My mother was born on the Lower East Side and spoke Yiddish for the first five years of her life. She did not learn English until she went to school. She spoke to my grandmother in Yiddish, and I would listen to their laughter and vehemence crashing over the kitchen table.
My mother loved her mother. My grandmother’s name was Pesha, and she lived in Poland before shipping off to the US at eighteen. Everyone in her family was killed in the Holocaust. In America, my grandmother gave birth to seven babies, buried two, and sought many abortions. During her ninety-two years, she did not see a doctor. She looked like a wily peasant, her bosoms floating beneath cotton housedresses, her emotions scumbled across her Tartar face.
My mother did not speak to her mother during the last five years of my grandmother’s life. My mother regretted this and spoke about her regret when she, too, was dying. What had my mother been unable to forgive?

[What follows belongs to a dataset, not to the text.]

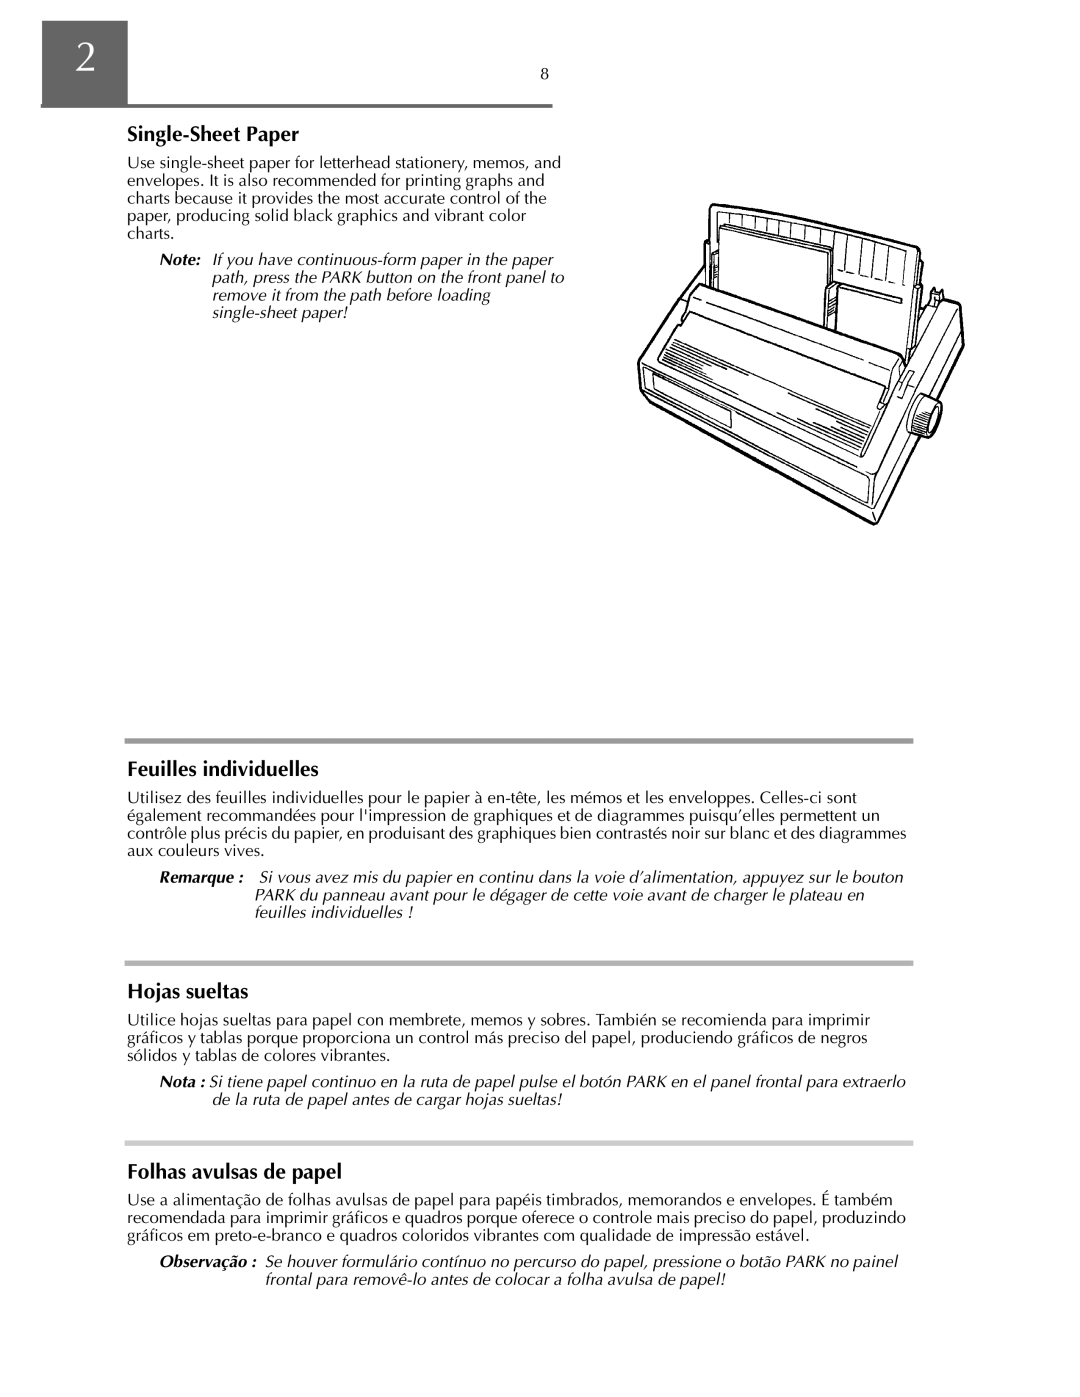 Oki ML590 manual Single-Sheet Paper, Feuilles individuelles, Hojas sueltas, Folhas avulsas de papel

My mother says her three older brothers hurled insults and objects at her and her younger sister while they were growing up. A scar on my mother’s upper lip was the result of a cup pitched at her head by one of the boys. My grandmother did not intervene in the crowded tenement apartment where my mother grew up. My mother, the oldest girl, told me that one of her brothers had touched her sexually. We were walking on the beach, and the sun was casting long shadows. My father had recently died, and my mother was coming a little unlaced. Years later when I reminded her of the story, she laughed and said, “Get out of here. I never said that.”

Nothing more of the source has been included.